Problem: The listing below should be printed exactly, every line of it. Skip the pictures.

Supplied material:
* * *
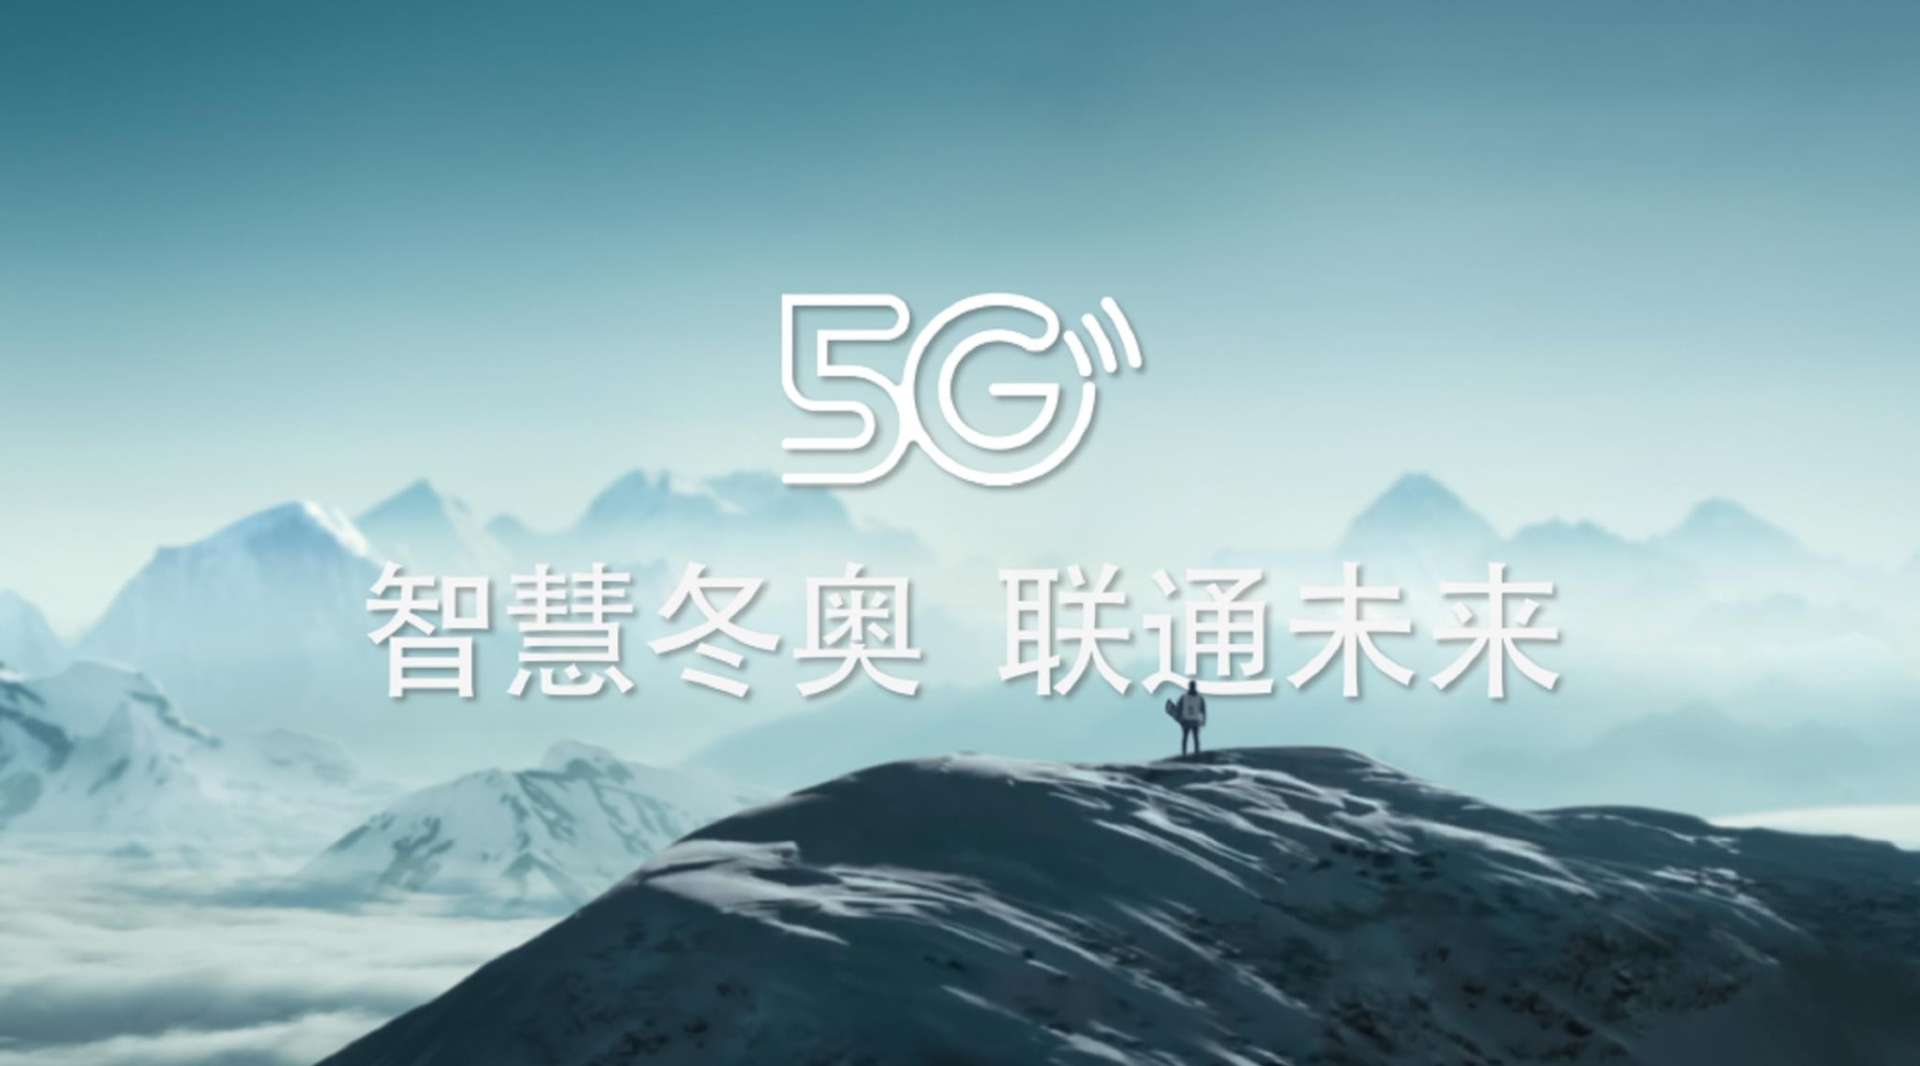 联通5G“智慧冬奥，联通未来”
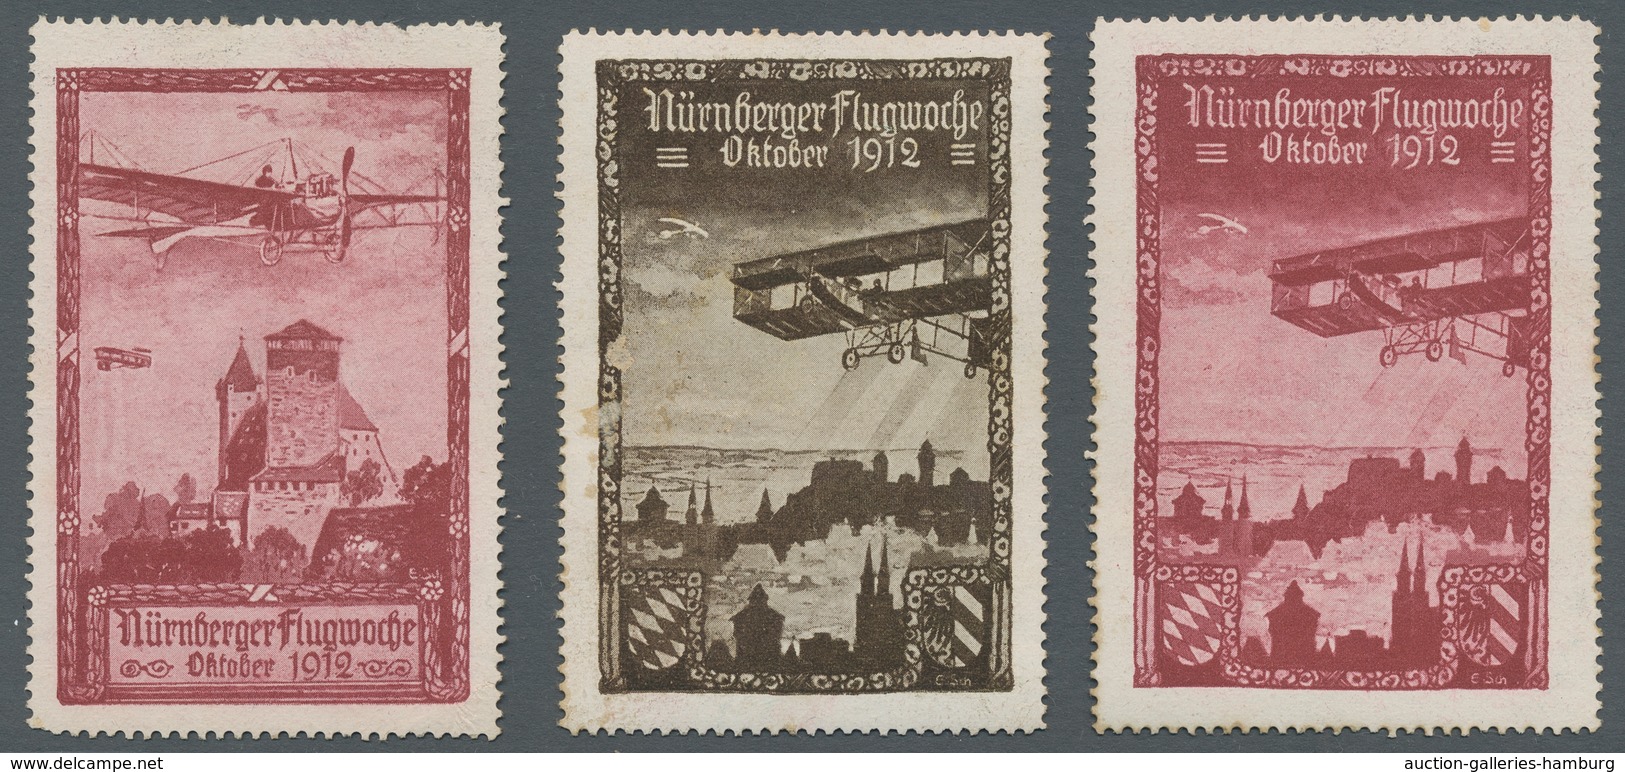 Flugpost Deutschland: 1912-1916, Partie von 10 verschiedenen ungebrauchten Ansichtskarten und einer
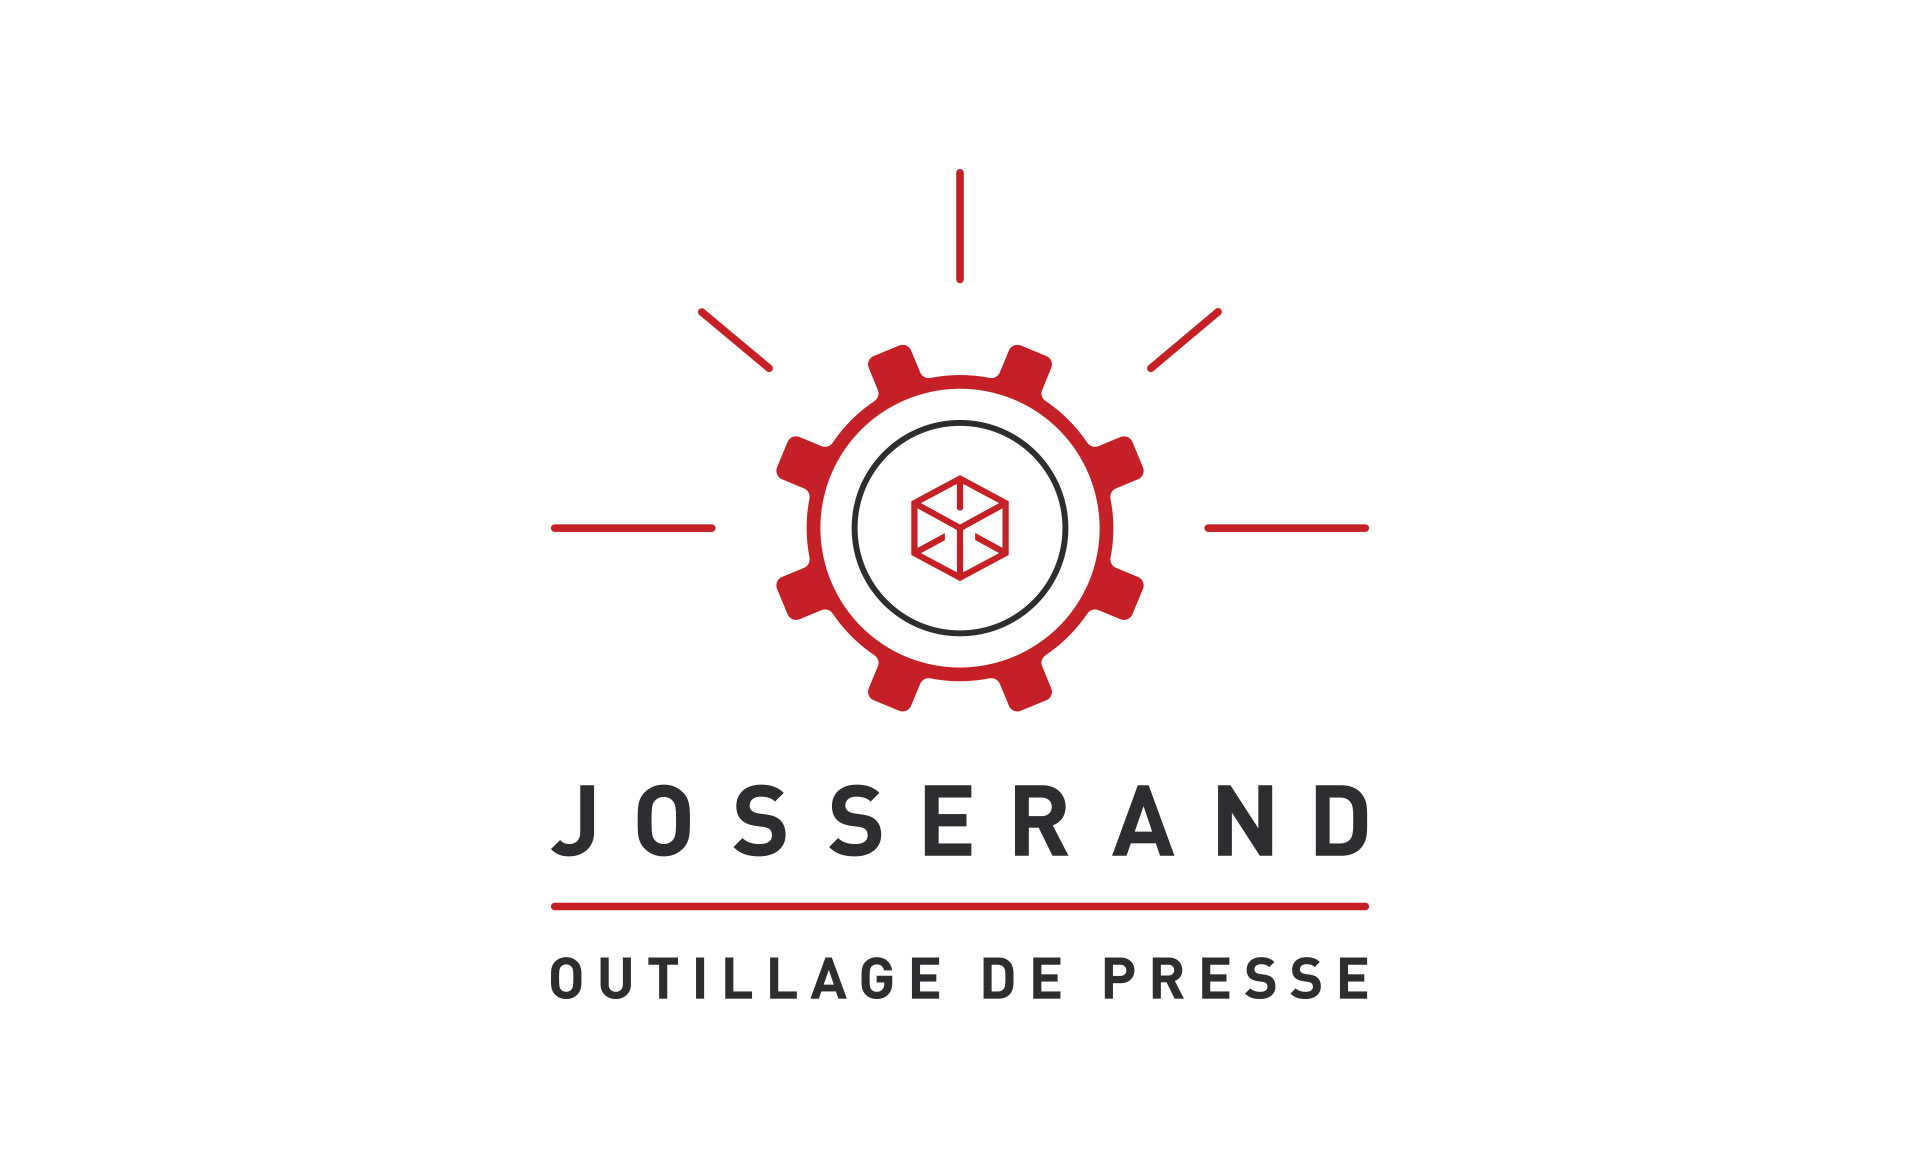 Société Josserand, Jean-Charles GIEN, création de sites Internet à Mâcon (71) et Lyon (69)
* * *
Expected answer:
 联通5G“智慧冬奥，联通未来”
 Flugpost Deutschland: 1912-1916, Partie von 10 verschiedenen ungebrauchten Ansichtskarten und einer
 Société Josserand, Jean-Charles GIEN, création de sites Internet à Mâcon (71) et Lyon (69)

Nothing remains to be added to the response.